6. The semantic hybrid retrieval and re-ranking method for intelligent psychological counseling for primary and secondary school students according to claim 1 is characterized in that, in step S5, the generated answer is submitted to the manual review module for content verification, and the final answer is sent to the user after the review is passed, and the new question and answer pairs that have passed the review are added to the FAQ knowledge base in real time to complete the dynamic update of the knowledge base.

7. The semantic hybrid retrieval and re-ranking method for intelligent psychological counseling for primary and secondary school students according to claim 6, characterized in that the review rules of the manual review module include:

A1) Score the emotional soothingness and professional accuracy of the generated answers;

A2) If the score is below the preset threshold, the psychological counselor will manually revise the answer;

A3) The revised answer is stored in conjunction with the user's question and added to the FAQ knowledge base as a new entry.

8. The semantic hybrid retrieval and re-ranking method for intelligent psychological consultation for primary and secondary school students according to claim 6, characterized in that the update mechanism of the FAQ knowledge base includes:

B1) Perform deduplication verification on newly added question and answer pairs to avoid duplicate entries in the database;

B2) Regularly eliminate inefficient question-answer pairs from the knowledge base.

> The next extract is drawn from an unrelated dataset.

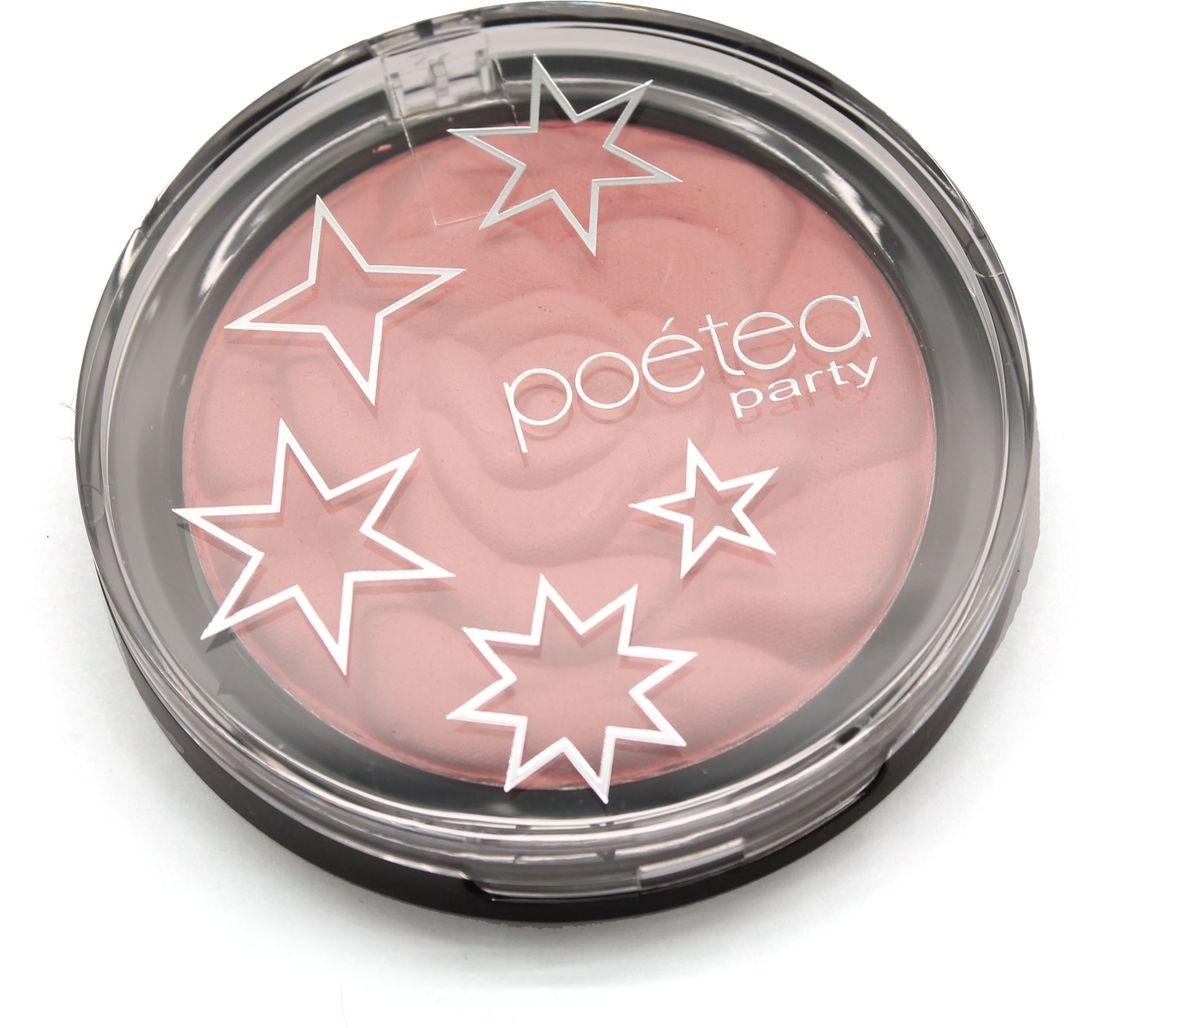 POETEA Румяна ROSE TAITI, тон 52, 19 г7952Румяна выполнены в виде прекрасного розового цветка. Их натуральные оттенки свежи и естественны, а тестура нежна, как легкие лепестки. Благодаря скользящим полимерам они идеально распределяются на коже, наполняя еесветом и яркостью. В состав румян входят ухаживающие компоненты: масло ореха микадамия, масло розы, высоко очищенный ланолин.

The elimination rules are based on historical answer adoption rates and manual scoring.

9. An electronic device comprising a memory, a processor, and a computer program stored in the memory, wherein the processor implements the method according to any one of claims 1 to 8 when executing the computer program.

10. A computer-readable storage medium, characterized in that a computer program is stored therein, wherein when the computer program is executed by a processor, the method according to any one of claims 1 to 8 is implemented.